Barring unforeseen complications, all the key poses and BGs have been turned in to director Jeffrey Lynch and checked over by Howard Parkins, an assistant director. It's time to shoot.

No matter how great a job the animators have done, everything needs to come together under the camera. That's where Pete Michels shows his stuff. Pete is an animation timer. His job is crucial to making everything come out okay.

To do his job well, Pete has to know about how animation, as well as an animation camera, works. He has to be able to use tools such as field guides and stopwatches. He has to know that the camera shoots two frames for every drawing. He has to write out the instructions of what to do with the art.

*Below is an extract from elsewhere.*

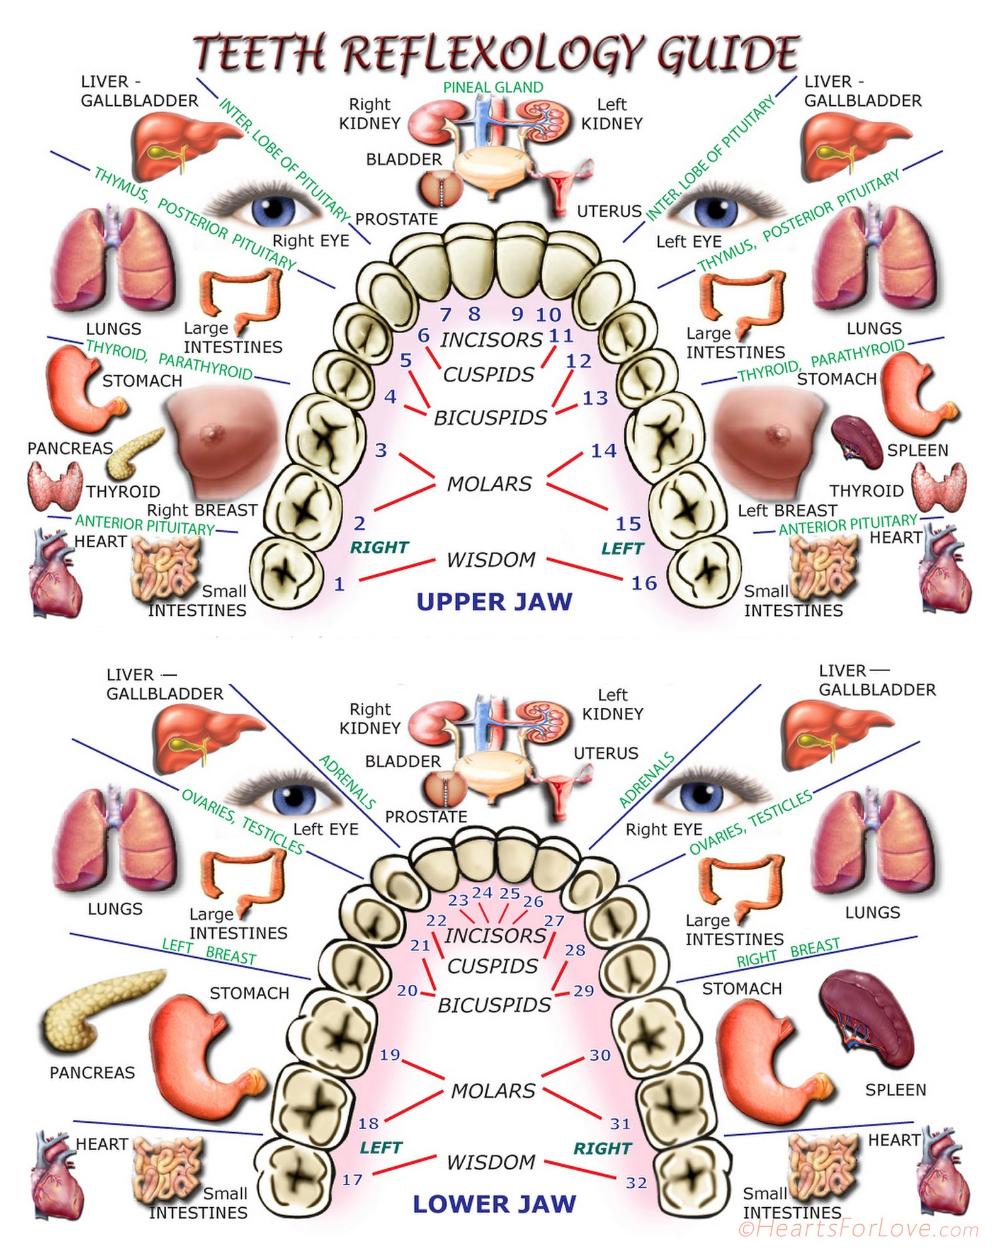 Pin on Teeth Reflexology Guide

Pete takes the audio tape of the dialogue, the storyboards, and the key poses and writes them out on an exposure, or "X," sheet. This sheet shows how the dialogue breaks down (by syllables) and where in each line the keys are drawn. It tells the camera what should be "exposed" on each frame. The timer has to decide how many frames it will take to get from one key to the next. Pete is instrumental in determining pacing. If the scene is supposed to be slow, Pete can add time. If the scene is quick, Pete can take time away or add movement within the scene to give it a sense of drama. The little stuff also falls under Pete's jurisdiction. If two characters are conversing in a scene (which could be extremely boring in an animated piece), the one talking is getting all the action. Pete compensates and adds ancillary motions, such as eye blinks, that keep the other characters from being static images.

Like Mozart, who could compose without listening to music, Pete has to animate without actually animating. He has to know what it's going to look like and write that on the X sheet. Each character, as well as each background, is animated on a different level of film, and Pete has to make sure all of the levels will work together before he sends it off to the camera department to shoot the sequence.

The first time the sequence is shot, it's called an animatic, and it is the equivalent of dailies or a rough cut in live action. The animatic is also referred to as a pencil test; it is a rough look at what the finished product will look like without color and without a lot of the ancillary action. It looks a lot like a filmed comic book, with the key poses taking up as much screen time as it takes to get to the next one.

Once the animatic is delivered, Jeffrey, Pete, and Howard all watch it with the producers and the writers. They fix anything that doesn't work and completely redo anything brand new. Otherwise, that's it for the animatic. Usually, there is only enough time and money to do it once. If anything really complicated needs to be shot before the final is finished, it will be done on videotape.